> _ACTION ITEM_: Return the listing below exactly as it stands. Pictures stay out.

> _DATASET EXCERPT_:
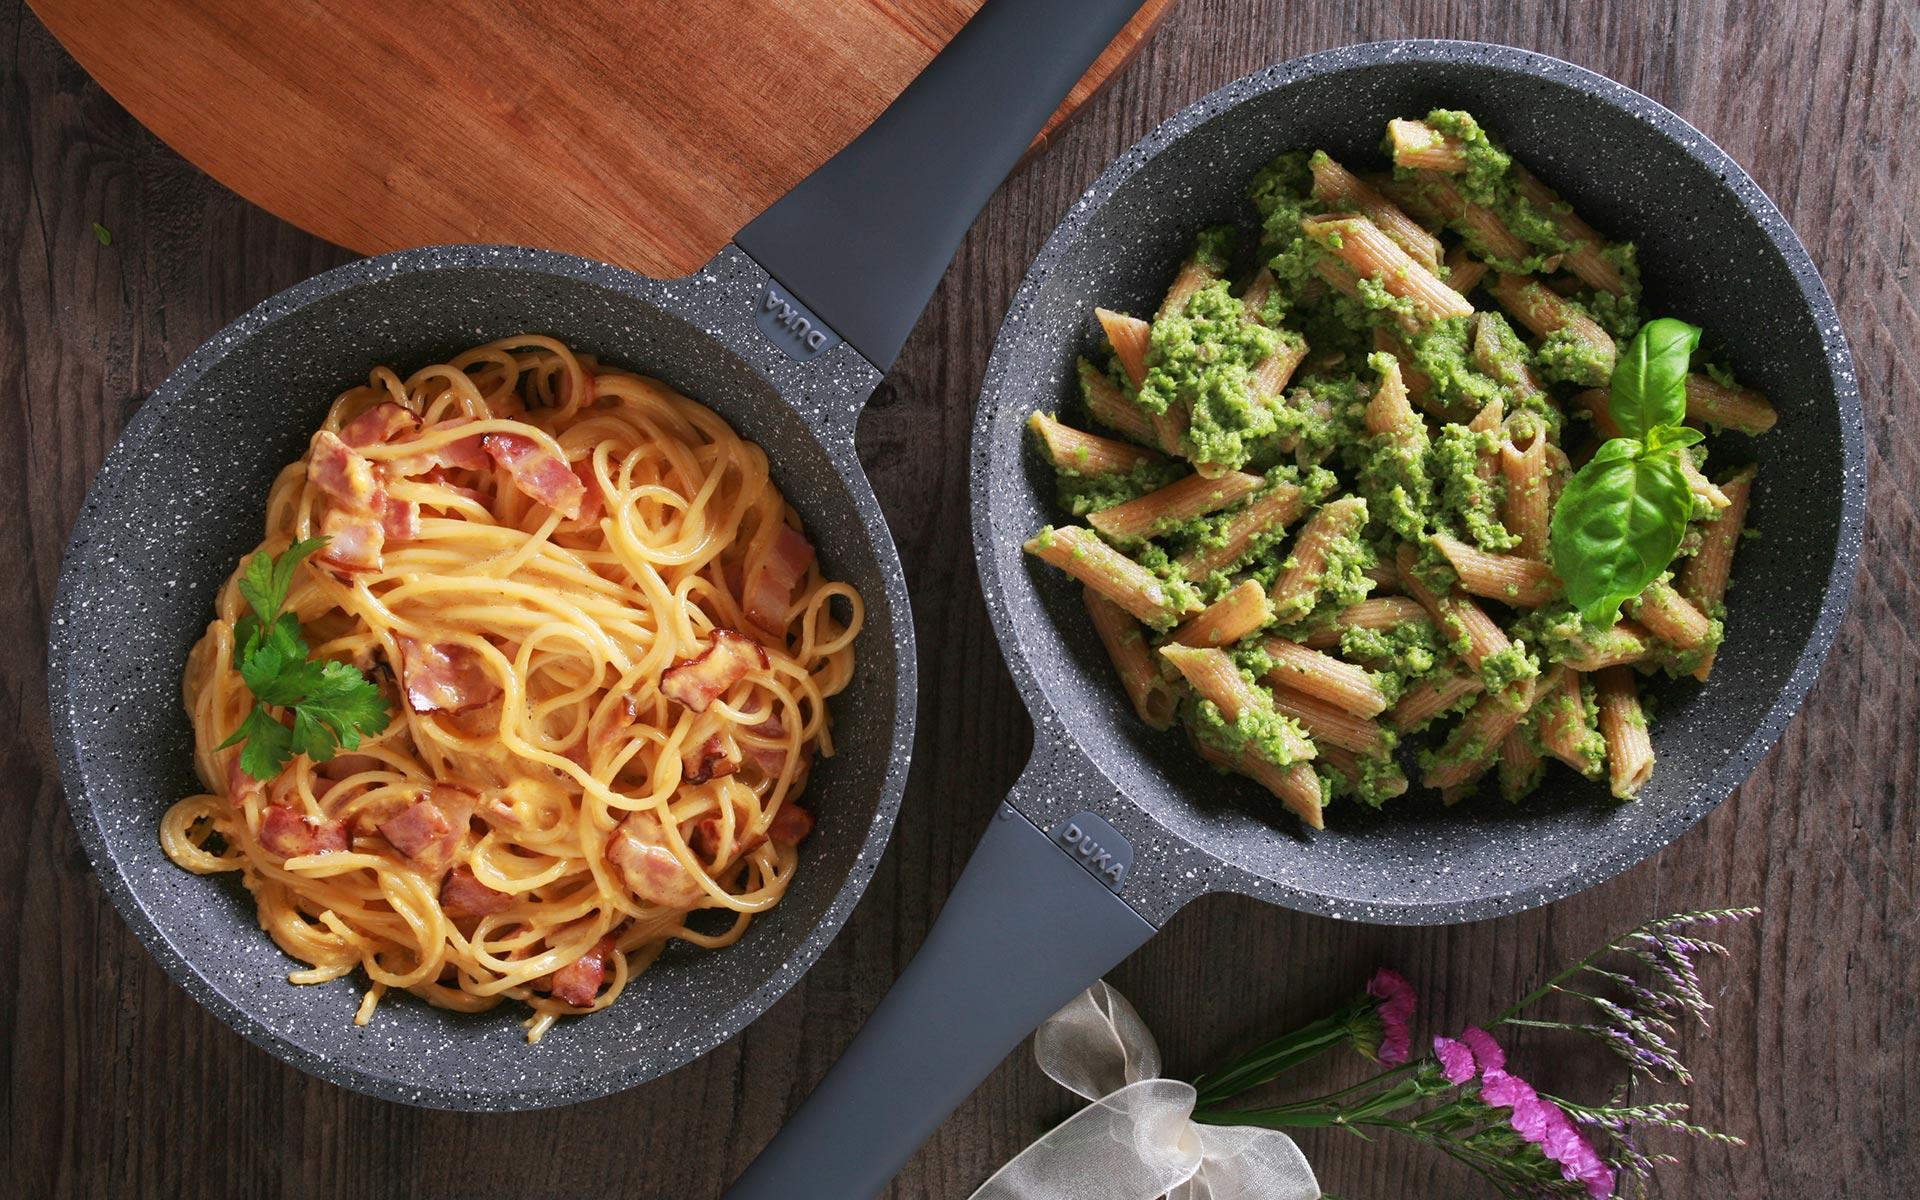 Makaron pesto z brokułów i słonecznika vs. Makaron carbonara
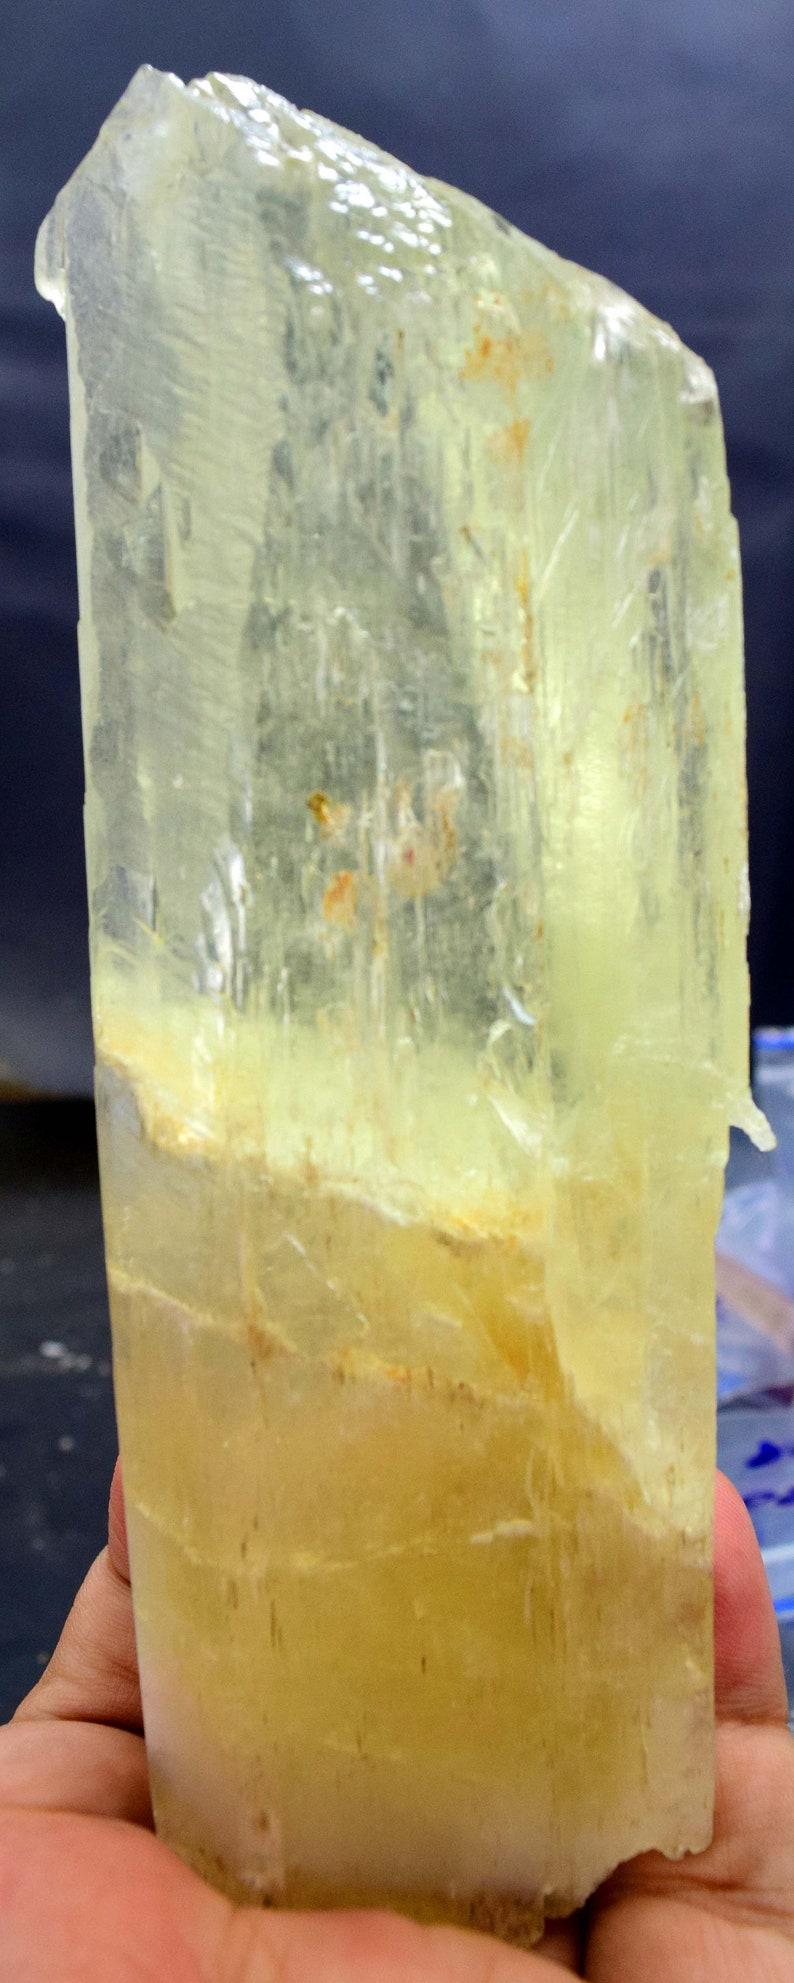 Yellow Kunzite Triphane Crystal  396 Gram  1495229 mm image 0
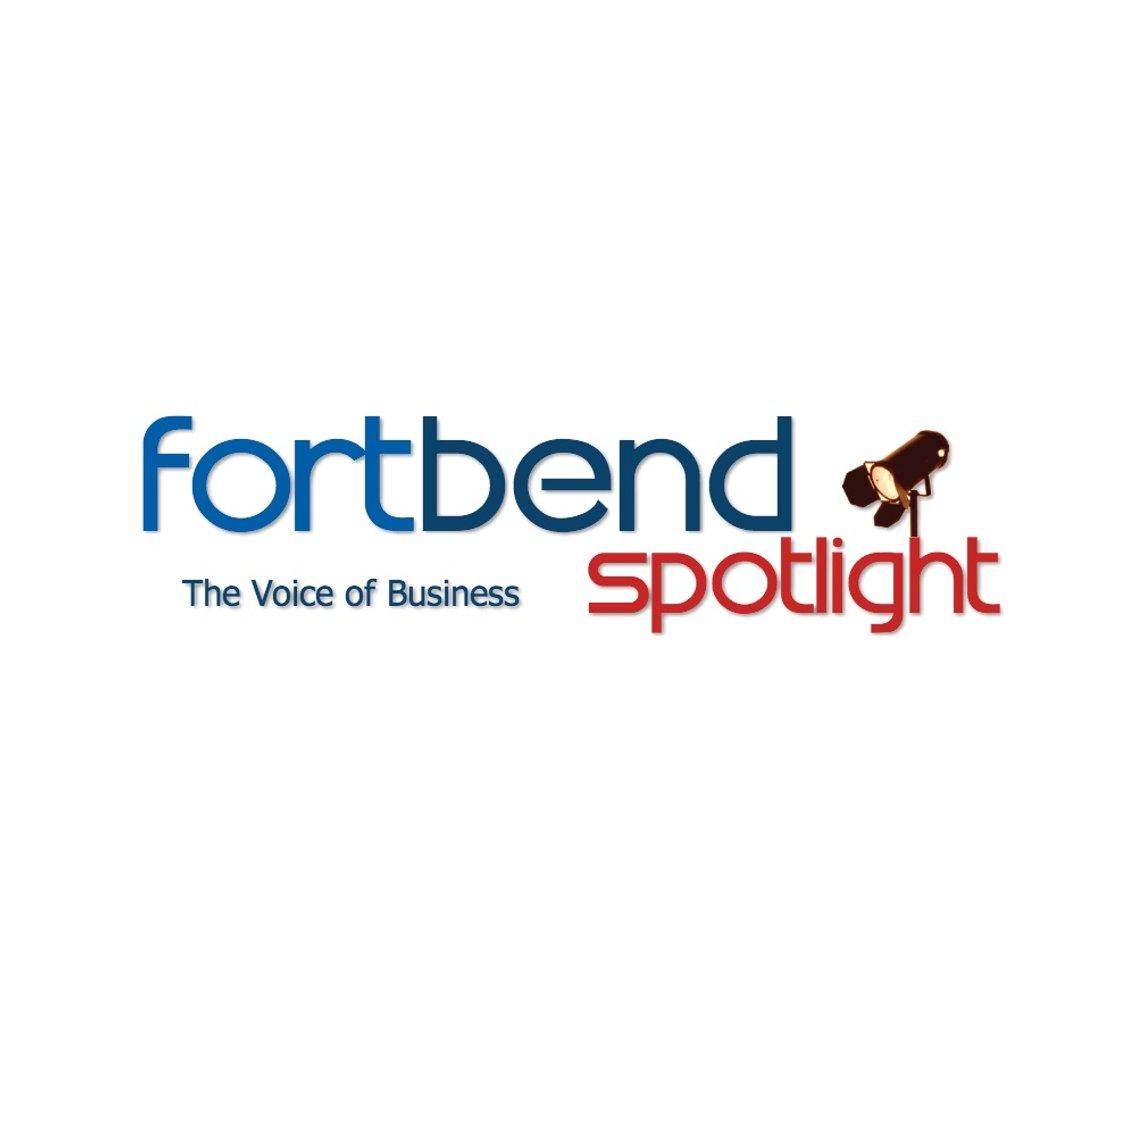 Fort Bend Spotlight - imagen de portada

> _WRITTEN RESPONSE_:
 Makaron pesto z brokułów i słonecznika vs. Makaron carbonara
 Yellow Kunzite Triphane Crystal  396 Gram  1495229 mm image 0
 Fort Bend Spotlight - imagen de portada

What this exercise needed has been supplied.